Incident Severity Matrix Template
Feb 26, 2026 | by openstatus | [template]
Use these templates when classifying and communicating production incidents. Based on real-world patterns from GitHub, Stripe, and Vercel status pages. Use the interactive builder to classify incidents and customize thresholds for your team.
When to Use This Guide
- An incident has just been detected and you need to classify it fast
- You're writing a status page update and want consistent, professional language
- You're setting up your team's incident response process for the first time
- A postmortem revealed your classification or communication was inconsistent
Severity Matrix
Copy these tables into your runbook, wiki, or Notion page.

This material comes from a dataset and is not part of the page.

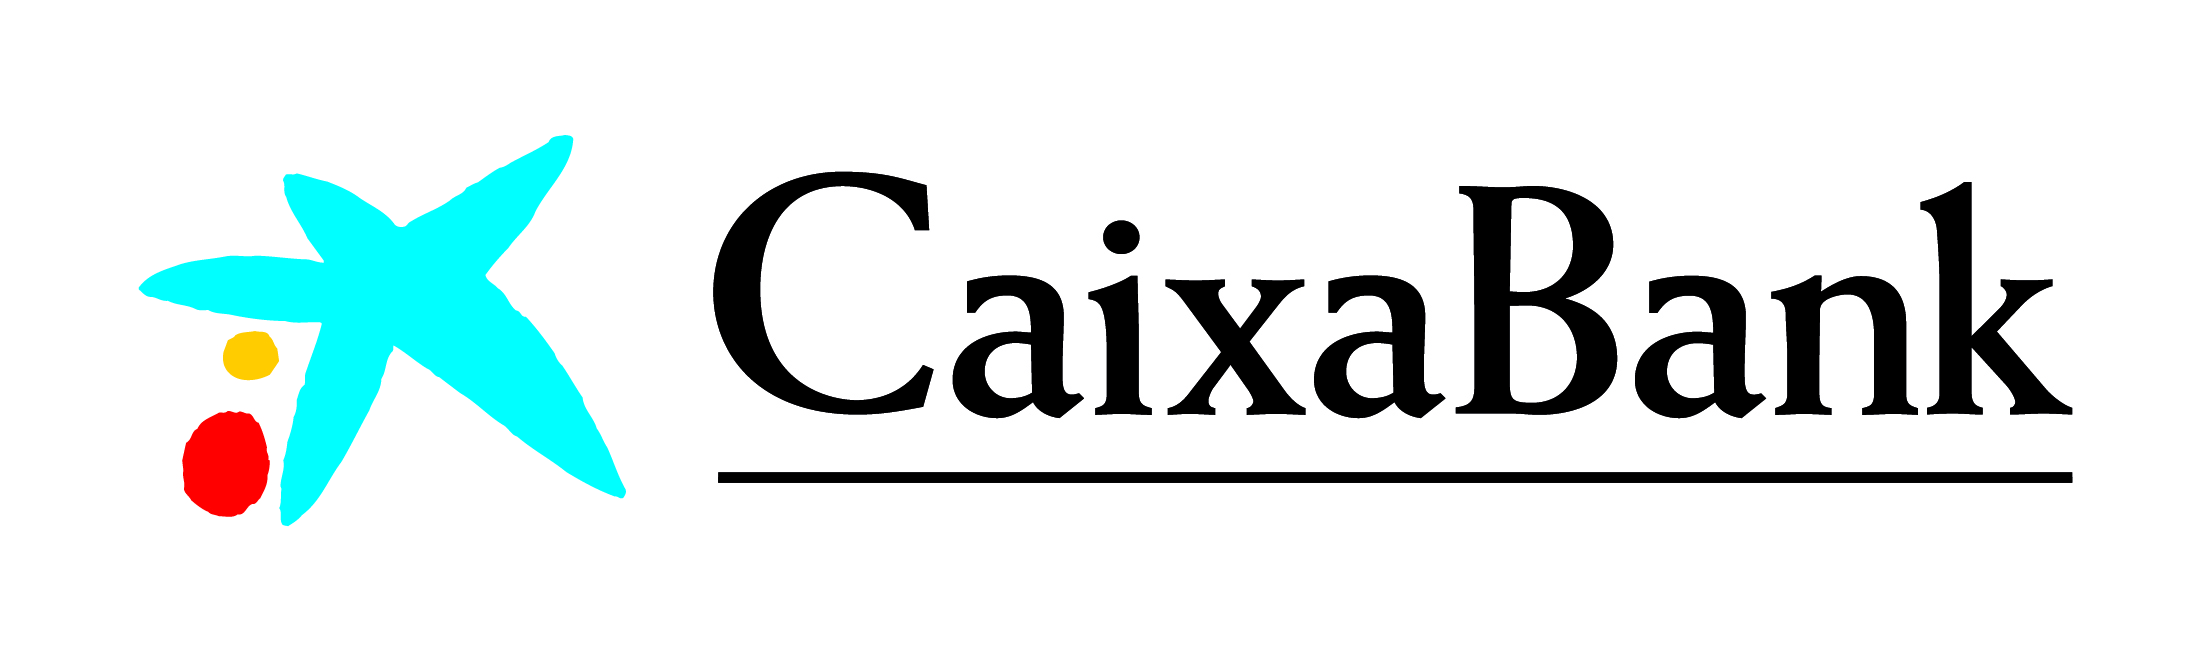 CaixaBank_logo_color_CMYK_horizontal_300dpi_fondo_blanco

Each row maps a severity level to its user impact threshold, required response time, and communication protocol. Classification should be deterministic — given the same inputs, every engineer on your team should reach the same row.
| Severity | Users Affected | Security | Response Time | Status Page Label | Communication | Postmortem |
|----------|---------------|----------|---------------|-------------------|---------------|------------|
| 🔴 SEV0 – Critical | ≥80% OR security incident | Yes | 15 minutes | Major Outage | Immediate public update + all-hands | Required |
| 🟠 SEV1 – High | ≥50% | No | 30 minutes | Partial Outage | Public update within 15 min | Required |
| 🟡 SEV2 – Medium | ≥10% | No | 2 hours | Degraded Performance | Status page update + ticket | Required (team) |
| 🟢 SEV3 – Low | <10% | No | 1 business day | Minor Issue | Internal ticket only | Optional |
Once the severity is set, this table tells every engineer exactly who owns it and when to escalate. If an incident isn't resolved within the auto-escalate window, re-classify upward immediately — don't wait.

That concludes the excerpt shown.